United States’ Shale Gas Revolution

The United States has been one of the fastest-growing beneficiaries of the shale gas revolution that started in 2008. In 2018, the US became a net exporter of natural gas for the first time in decades. This was possible because of the development of shale gas in the US. At present, the US produces around 9 billion cubic feet of gas a day, which is around 80 percent of its total natural gas production. The US has also been exporting natural gas to Canada via the 50-year-old line that connects Alaska and the Yukon. The development of shale gas in the US has also made it possible for the country to become a net exporter of natural gas.

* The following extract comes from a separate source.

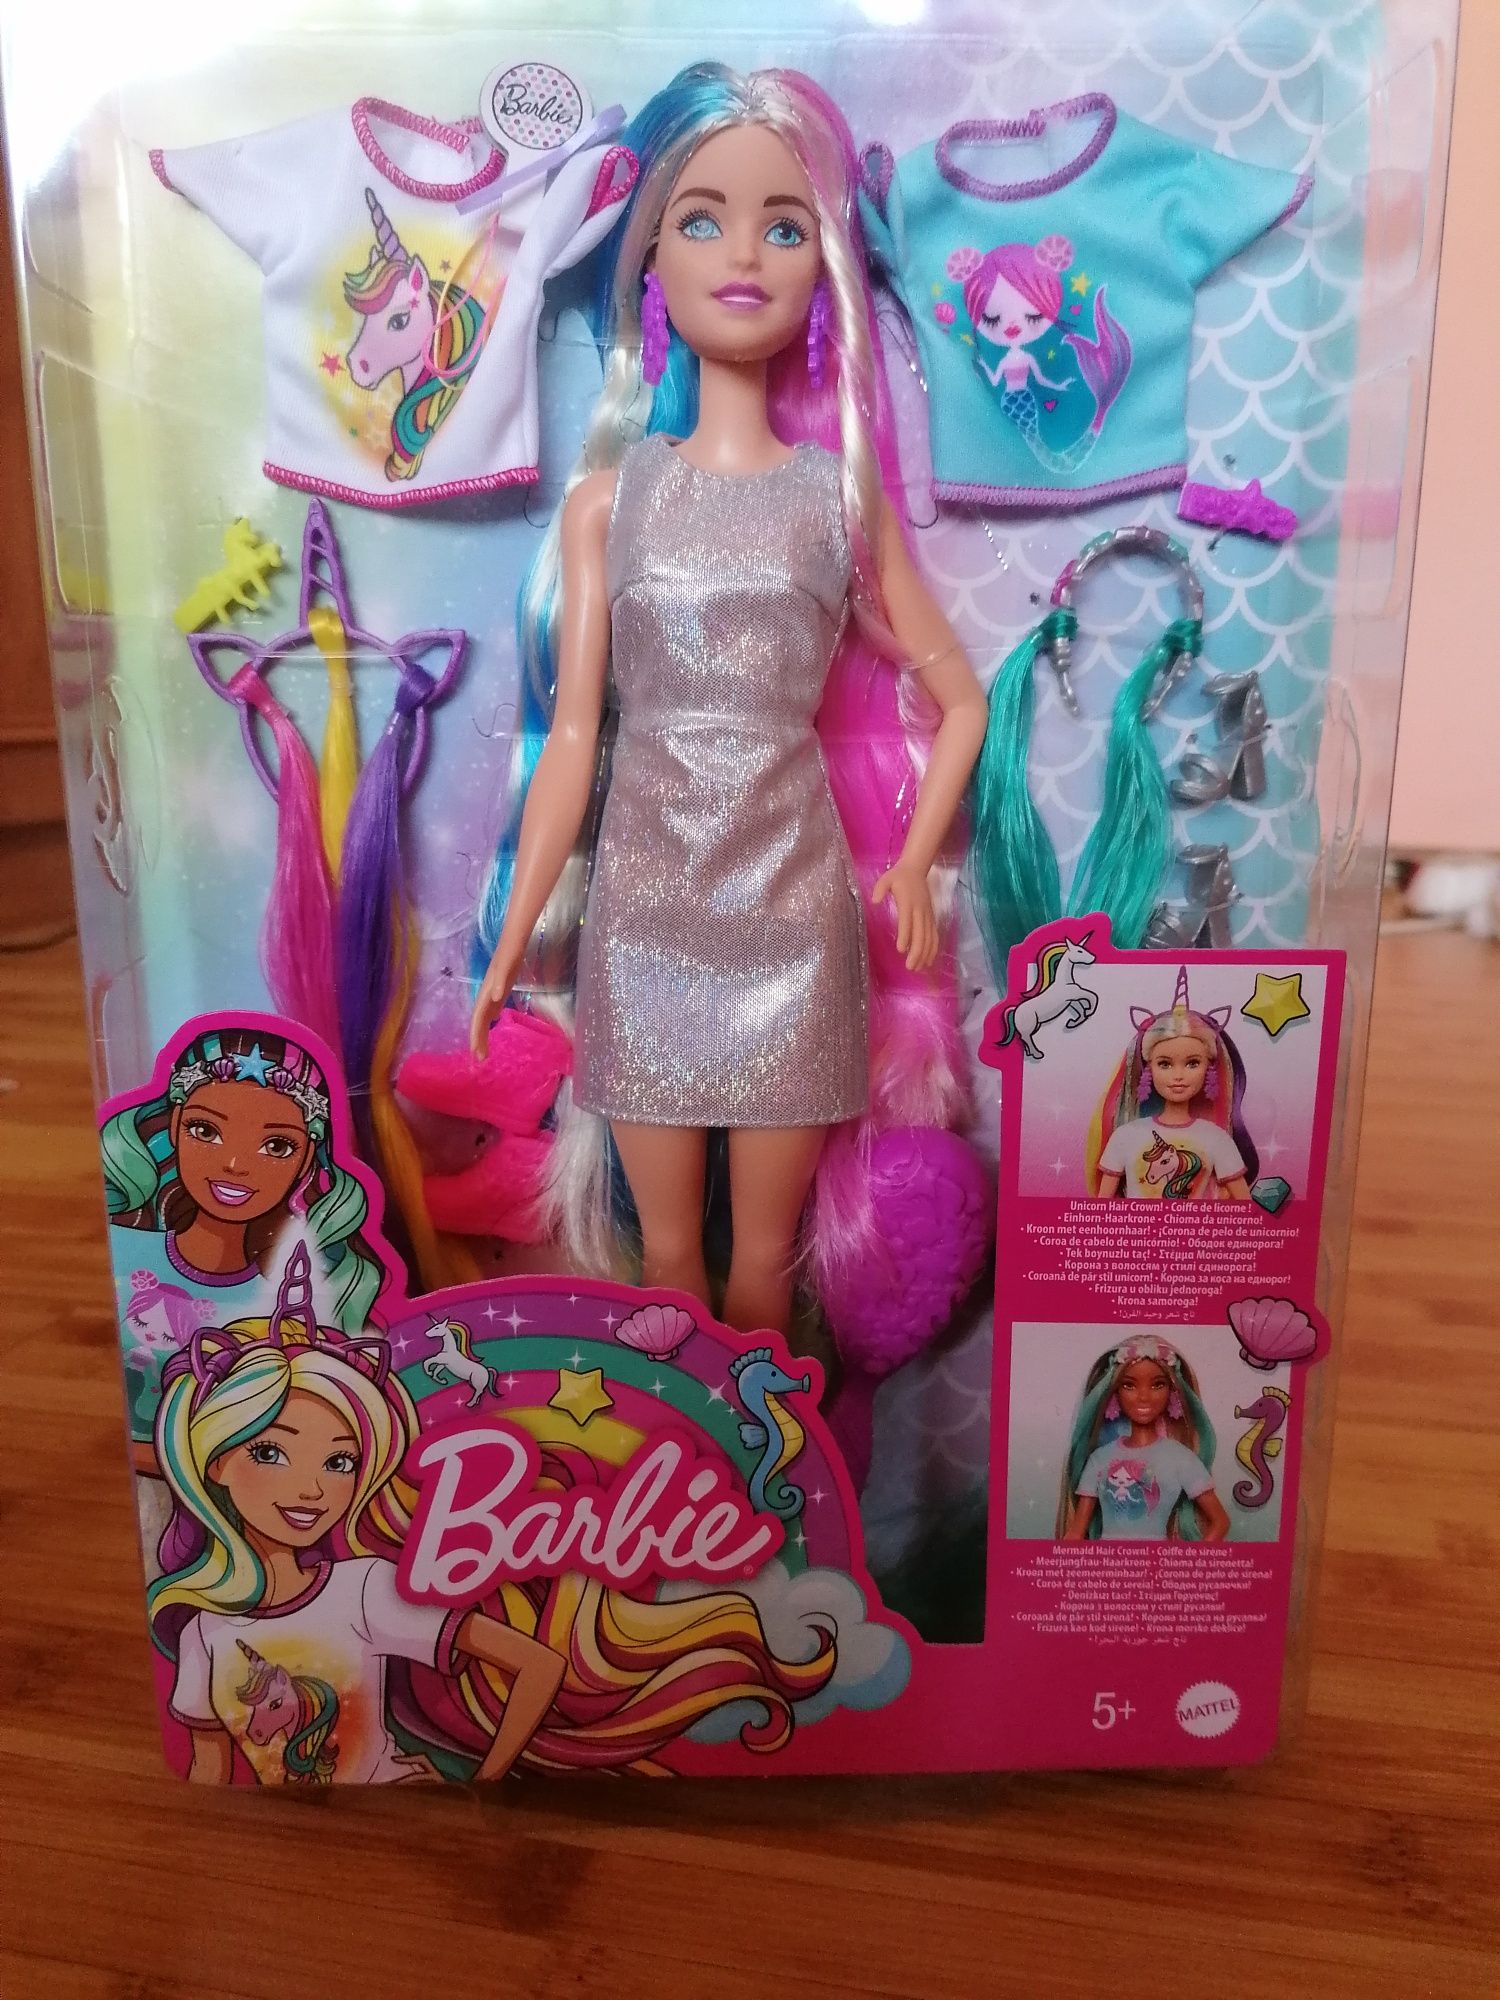 Vând păpuși Barbie

Impact on Russia’s Economy and Prices

As mentioned above, Europe is heavily dependent on natural gas imports from Russia. Natural gas is one of Russia’s key sources of revenue. More than 60 percent of Russia’s revenue comes from its gas industry. Because of this, a decline in natural gas prices can have a major impact on Russia’s economy. In the last few years, Russia has been hit by a number of economic sanctions imposed by the West, including the US and EU. During this period, natural gas prices have declined significantly. However, the impact of this is not yet visible as it will take several years to reflect in Russia’s economy.

Conclusion

The current supply and demand dynamics in the global natural gas market are having a major impact on Russia’s economy. The country has been trying to balance its relations with the West, while trying to fill the gap in its natural gas supply. However, uniting the competing demands of Europe, Asia and the United States will be challenging for Russia. The natural gas supply and demand dynamics will continue to be a major factor affecting prices in the global market in the near future.